_About this task_: A word-for-word reproduction of the data below is needed, with no pictures in it.

_Source data_:
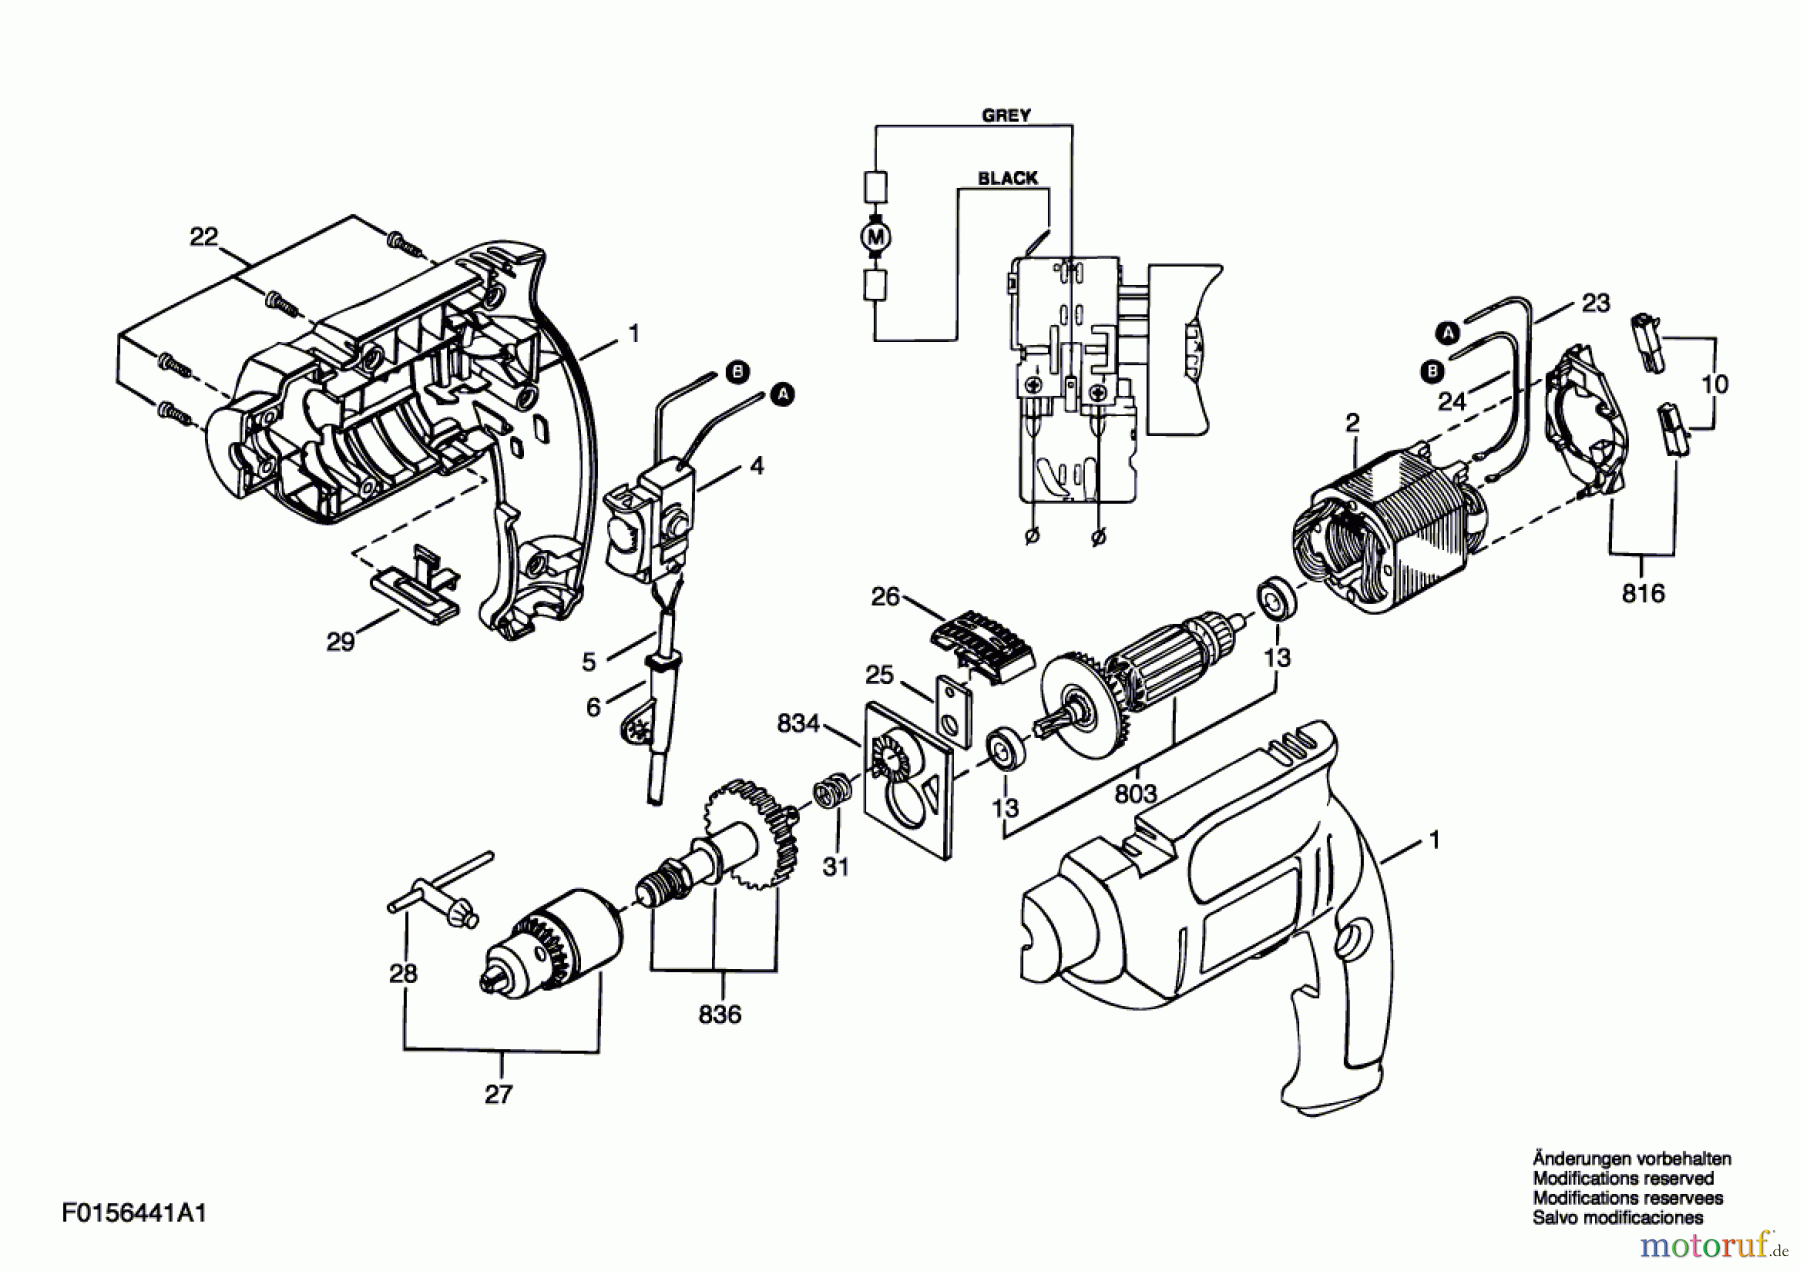  Bosch Werkzeug Drehwerkzeug 6441 H1 Seite 1
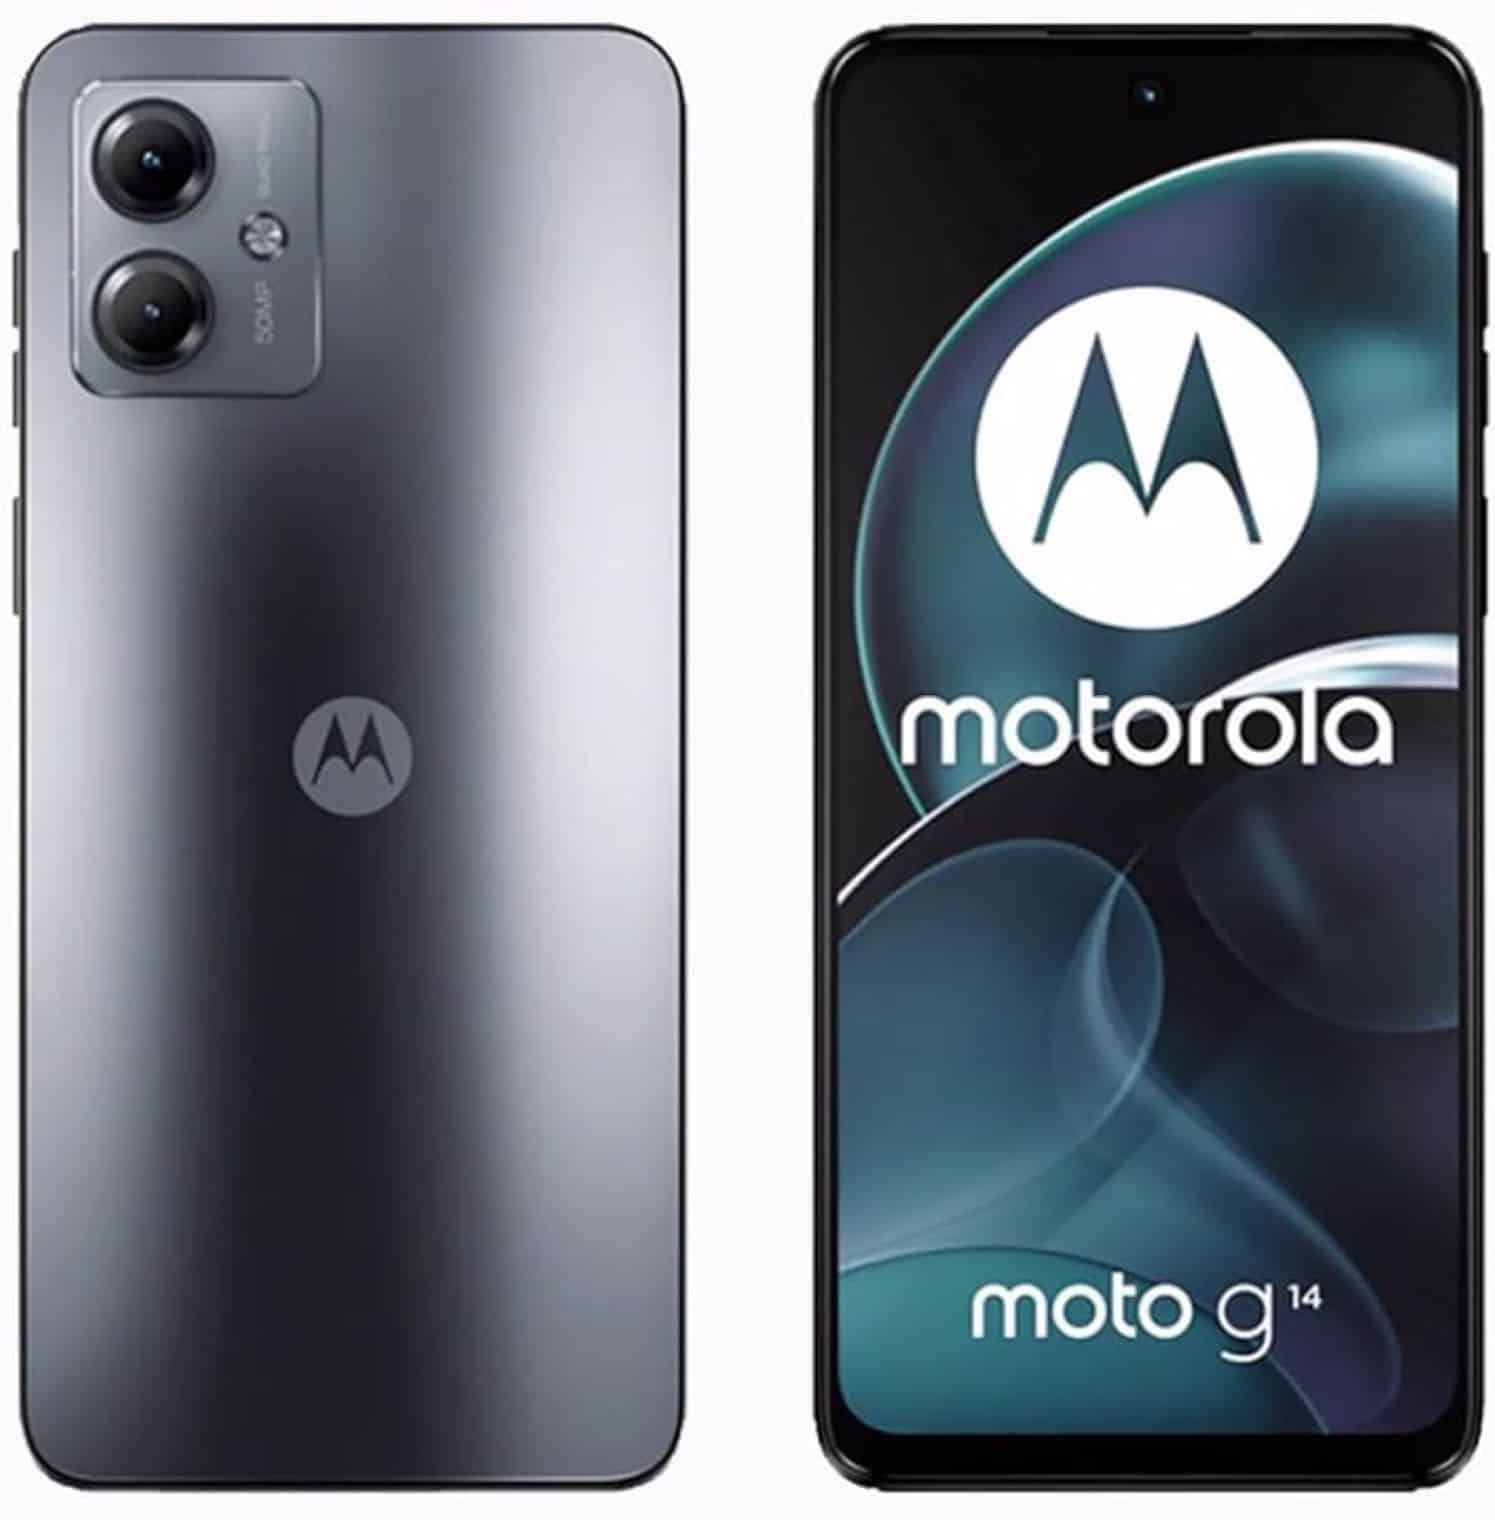 Smartphone Motorola Moto G14 de gama media y batería de larga duración
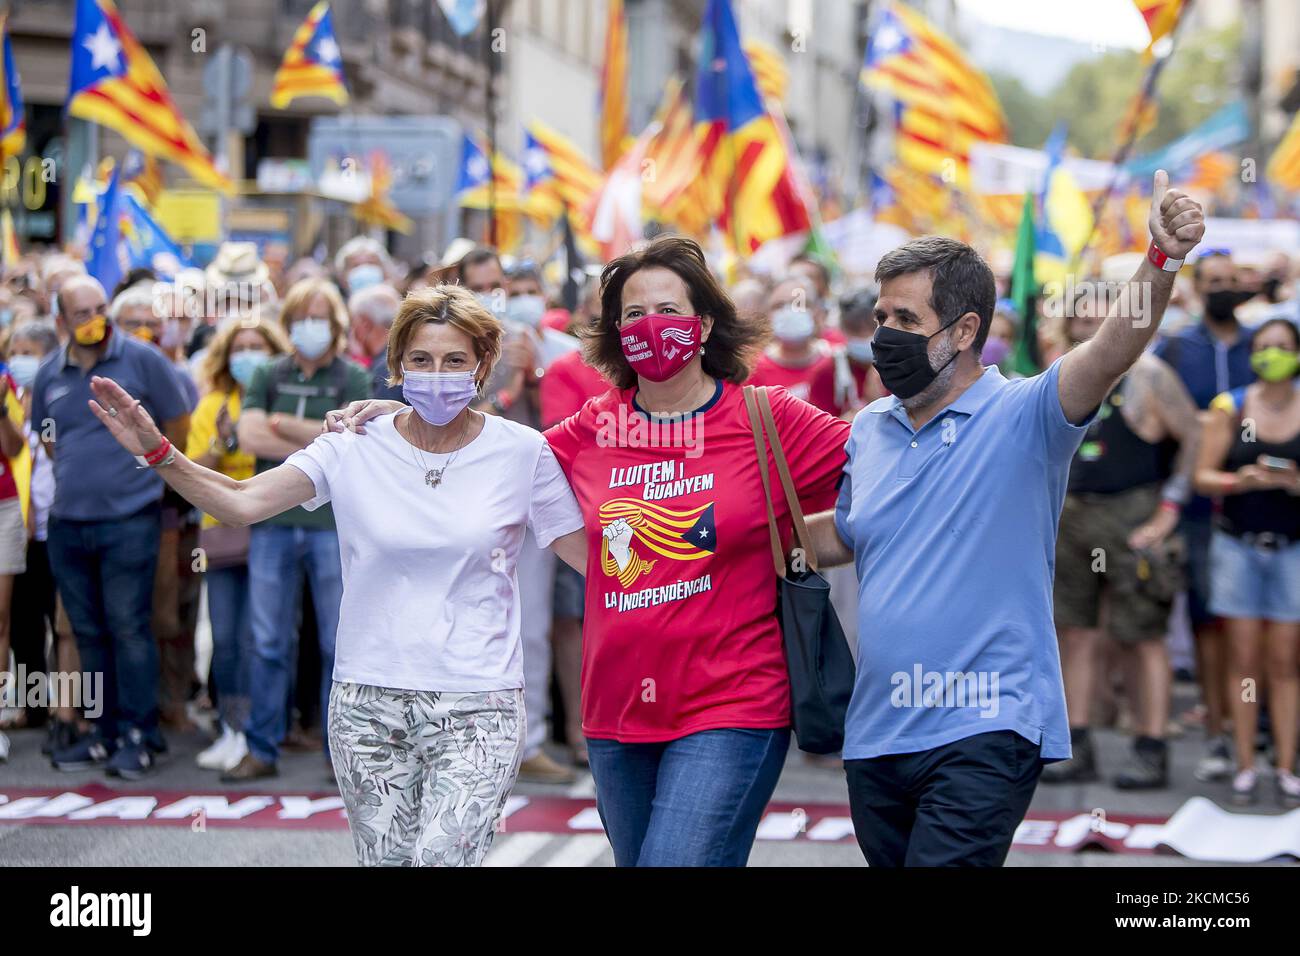 Elisenda Peluzie, Präsidentin des ANC, begleitet von den ehemaligen Präsidenten der Organisation und begnadeten Gefangenen, Carme Forcadell und Jordi Sánchez, sowie dem Präsidenten des Òmnium Cultural und auch begnadeten Gefangenen, Jordi Cuixart. Hunderttausende von Menschen nehmen an der Unabhängigkeitsdemonstration am 11. September, dem Nationalfeiertag Kataloniens, Teil, die von der Nationalversammlung Kataloniens organisiert wird. In Barcelona, Katalonien, Spanien, 11. September 2021. (Foto von Albert Llop/NurPhoto) Stockfoto

_Task output_:
  Bosch Werkzeug Drehwerkzeug 6441 H1 Seite 1
 Smartphone Motorola Moto G14 de gama media y batería de larga duración
 Elisenda Peluzie, Präsidentin des ANC, begleitet von den ehemaligen Präsidenten der Organisation und begnadeten Gefangenen, Carme Forcadell und Jordi Sánchez, sowie dem Präsidenten des Òmnium Cultural und auch begnadeten Gefangenen, Jordi Cuixart. Hunderttausende von Menschen nehmen an der Unabhängigkeitsdemonstration am 11. September, dem Nationalfeiertag Kataloniens, Teil, die von der Nationalversammlung Kataloniens organisiert wird. In Barcelona, Katalonien, Spanien, 11. September 2021. (Foto von Albert Llop/NurPhoto) Stockfoto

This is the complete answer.